Research on Data Cleaning in Data Acquisition
Zhang Jin
( Nanjing Audit University , Nanjing 210029, Jiangsu, China)
Abstracts: According to the present condition of electronic data collected for IT audit, this paper
analyzes the importance of data cleaning in electronic data acquisition. Based on the expatiation on the
principle of data cleaning, the paper also investigates the solutions to the common problems in
electronic data acquisition, which is illustrated by an example of the application of electronic data
cleaning in data acquisition.
Key words: IT audit, data acquisition, data cleaning
1. Introduction
To effectively implement the audit supervision under the network environment, it is necessary to do
some research into the techniques of data acquisition and processing, of which, electronic data acquisition
is an essential one. The features of IT audit data acquisition and transferring are as follows [1]:
(1) The variety of manifestation of auditees’ data: database, text, web data;
(2) The impossibility of acquiring all the data of auditees in auditing, hence, classification and cleaning.
Either true and original or integrated data are needed.
(3) In data acquisition, detailed acquisition and analysis of auditees’ data cannot be done instantly due to
limited time. Therefore, it is uncertain which data important, and which unimportant.
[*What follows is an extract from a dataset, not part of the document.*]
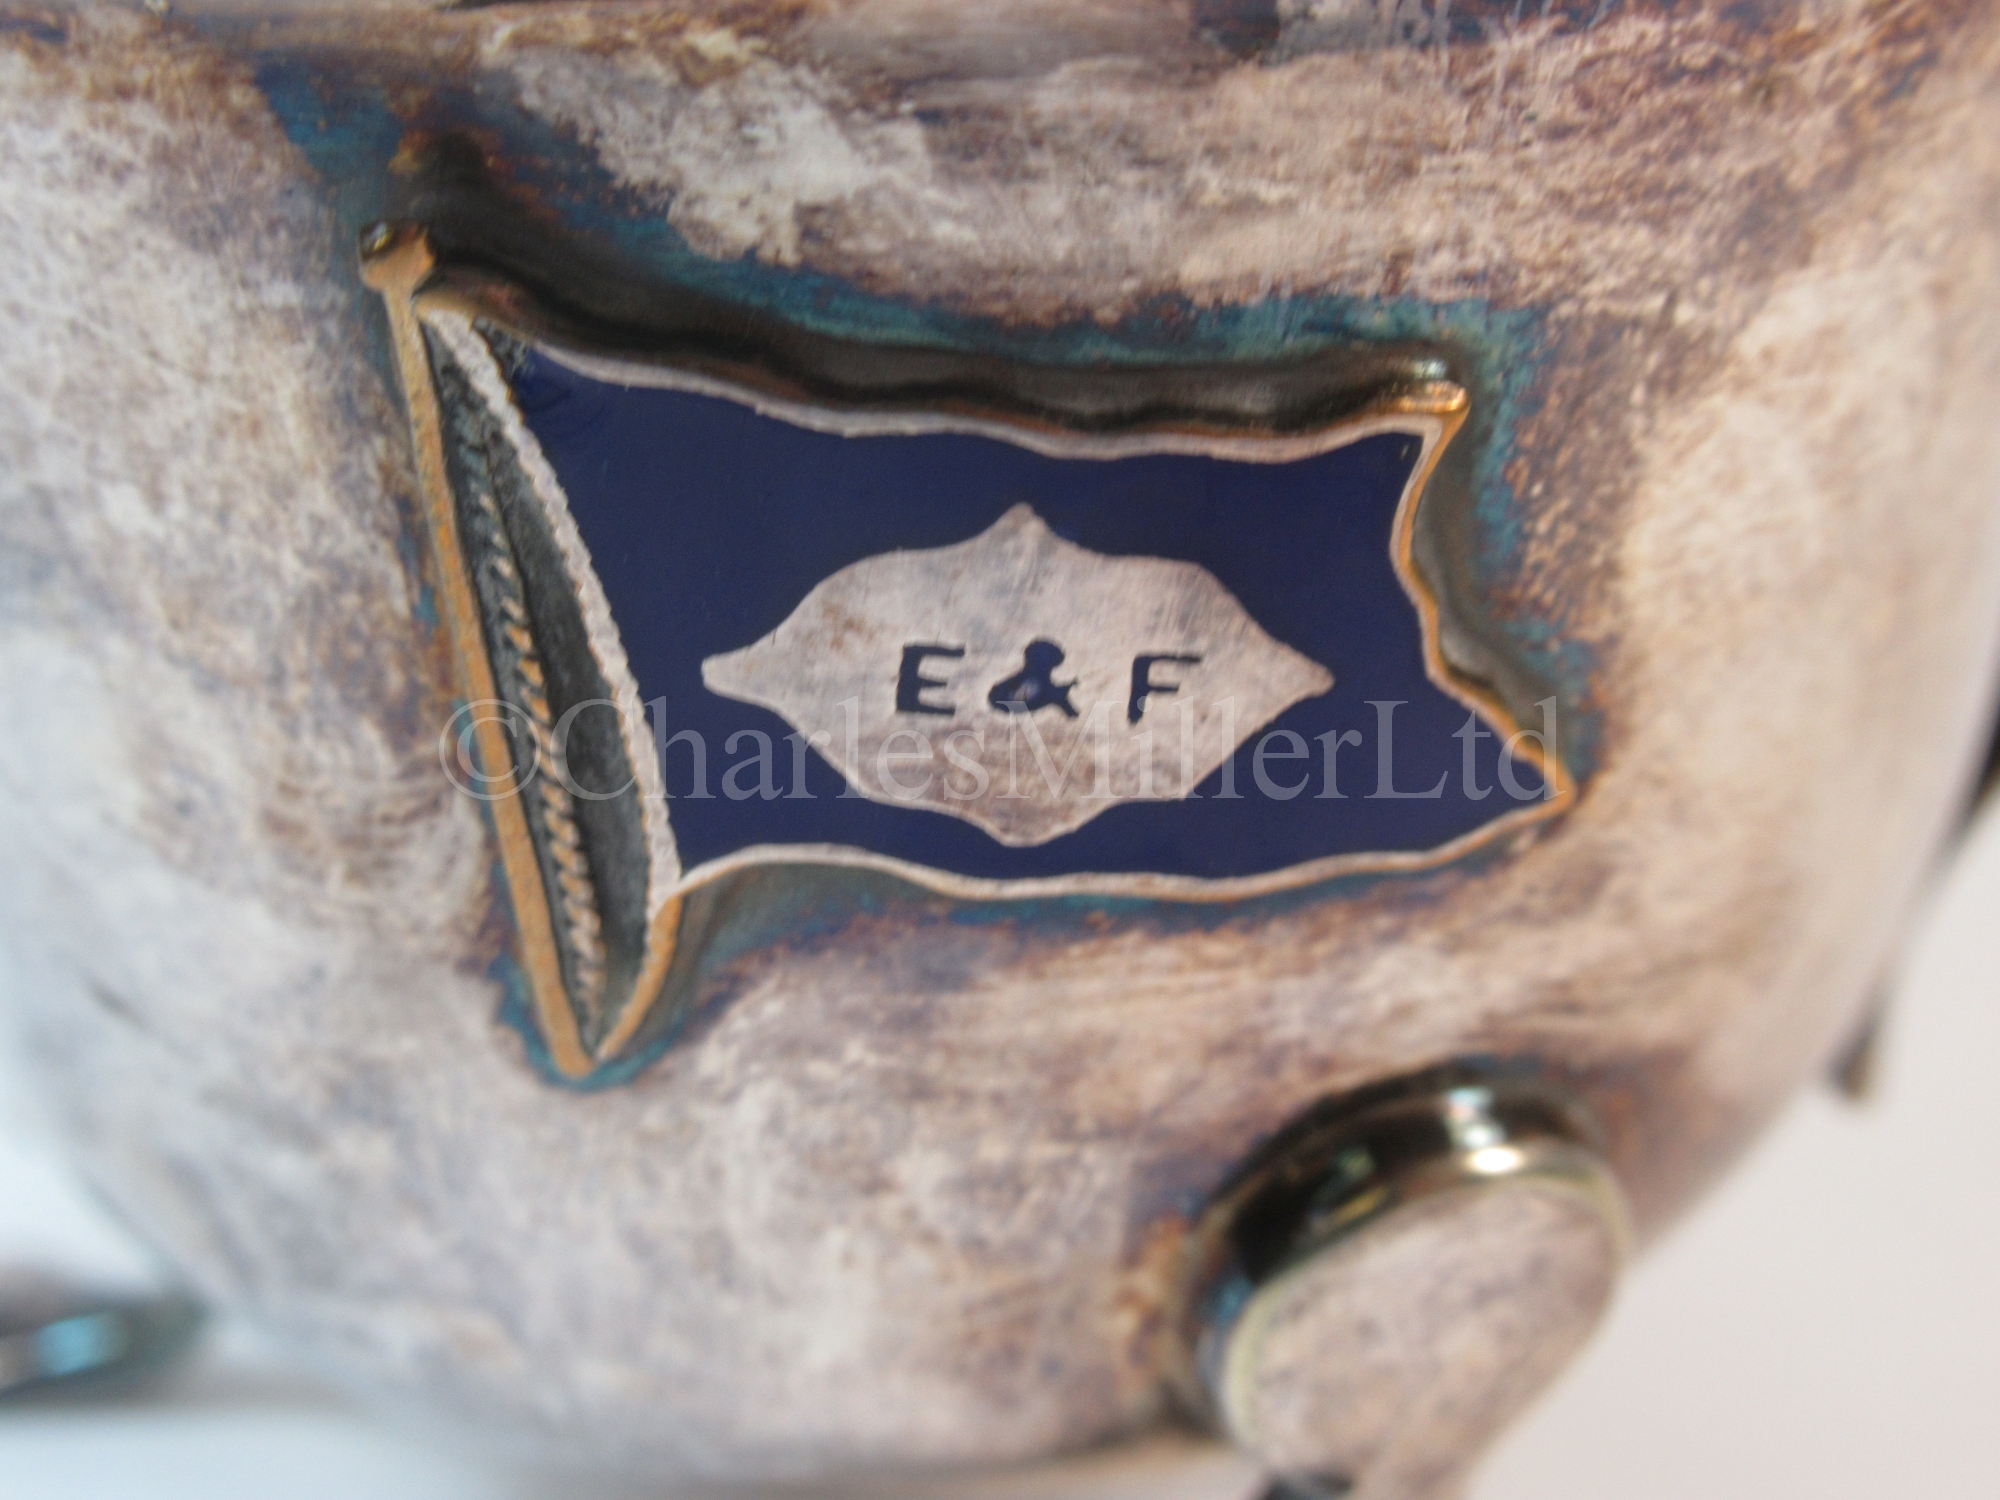 An Elders & Fyffes Line souvenir plated sauce jug, from S.S. 'Carare' - Image 2 of 7

The general measure
adopted is to acquire all the data needed after a certain range is determined before further processing and
coordinating.
(4) Considering the abundance of data and the risks in data acquisition, it is a general practice to acquire
more data than enough, which usually leads to data repetition and immensity.
(5) Some data attributes value being uncertain, it is not uncommon that the value cannot be obtained,
leading to data incompleteness.
It can be thus concluded that, to meet the demands of audit analysis from the data acquisition, data
cleaning plays an important role in data acquisition. As a result, based on the expatiation on the principle of
data cleaning, the paper investigates the solutions to the common problems in electronic data acquisition.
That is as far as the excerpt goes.